If success has come as something of a shock to Cross, then it’s had a roughly similar effect on everyone else. It’s hard to think of a comparable rise in modern sport: from turning professional in early 2017 to becoming world champion at his first attempt just 11 months later. Ever since, he has proven it was no fluke, rising to No3 in the world and reaching the Premier League finals. Aged just 27, Cross is the rising force in darts, and his semi-final with Michael van Gerwen on Thursday night at the O2 will be the next milestone in a duel that looks set to define the sport for the next few years.

Of course, everyone has been desperate to find out how he did it. And unlike many players who shun self-analysis and simply step up and throw, Cross has devoted a good deal of thought into his own rise, and puts it down to a combination of smart tactics, ferocious work-ethic and industrial vats of self-belief.

“I would say darts is probably 15 per cent throwing,” he explains. “The rest of it is mental strength. Being able to hold your nerve. I’ve had people tell me for years I should have gone professional. I’m a big believer, though, that if I’d gone earlier, the game would have broken me mentally. Because you’re not mature enough to deal with what’s put in front of you: the stage, the pressure. Some people would probably call it arrogance. And I suppose you have to have that bit of arrogance to do what you do.”

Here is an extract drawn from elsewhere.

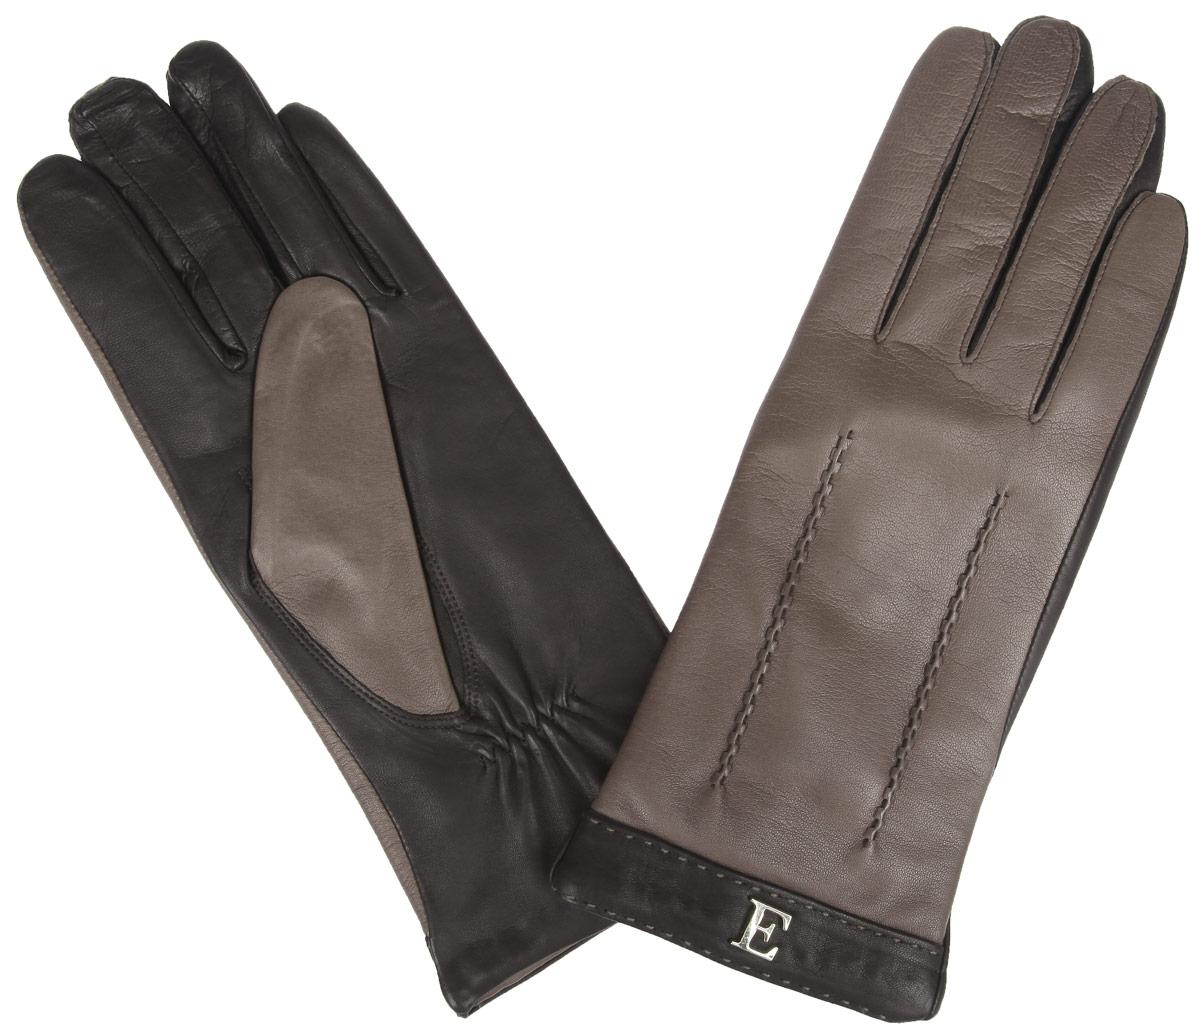 ПерчаткиHP697Стильные женские перчатки Eleganzza не только защитят ваши руки от холода, но и станут великолепным украшением. Перчатки выполнены из натуральной кожи на подкладке из 100% шерсти. На тыльной стороне манжет имеются небольшие сборки резинкой для того, чтобы перчатки лучше сидели. С внешней стороны манжеты украшены контрастными вставками с небольшими декоративными элементами и оригинальной прострочкой. В настоящее время перчатки являются неотъемлемой принадлежностью одежды, вместе с этим аксессуаром вы обретаете женственность и элегантность. Перчатки станут завершающим и подчеркивающим элементом вашего стиля и неповторимости.

Was he always this confident?

“No, not really. For instance, if someone was to say, ‘Right Rob, go up on that stage and read from a piece of paper’, I probably couldn’t do it. But if you’d said: ‘Rob, there’s a set of darts, go and put three in the treble-20’, I would have gone and done it. It’s a different kind of confidence. Having this job has brought me out of my shell a little bit.”

Cross was, by all accounts, a fairly normal kid. His mother worked in a school, his father in a warehouse. But for as long as he can remember, he was crazy about darts. He hit his first 180 at the age of 11, his first nine-darter at the age of 17. But then, life kicked in. “You get your first house, I had the kids, and you have a bit more responsibility to pay the bills,” he said. I didn’t play for a couple of years.”

And so he trained as an electrician, playing the odd local competition to keep his eye in. In October 2015, he tried to qualify for the smaller British Darts Organisation world championship, and was disqualified for sipping a glass of water. No drinks were allowed on stage. “I was branded a cheat,” he says. “I’ve never cheated at anything. That hurt me. For a few months, I fell out of love with the game.”

Then, in early 2016, his uncle persuaded him to give it one more go, at a UK Open qualifier in Norwich. Cross won, reached the last-32 of the main tournament, and was sufficiently encouraged to try and earn his tour card. When he finally decided to hang up the claw hammer and pliers in early 2017, he gave himself two years to make it as a professional.

“I’d been telling myself it was going to be so hard,” he said. “That I probably wasn’t going to win a leg. So when I got annihilated, it wouldn’t hurt as bad. And then, after two or three months on tour, I thought: it ain’t that bad. Let’s kick on. When you’ve worked five days a week, you learn that work ethic. I could play decent darts when I was 18, but did I have that work ethic? Probably not.”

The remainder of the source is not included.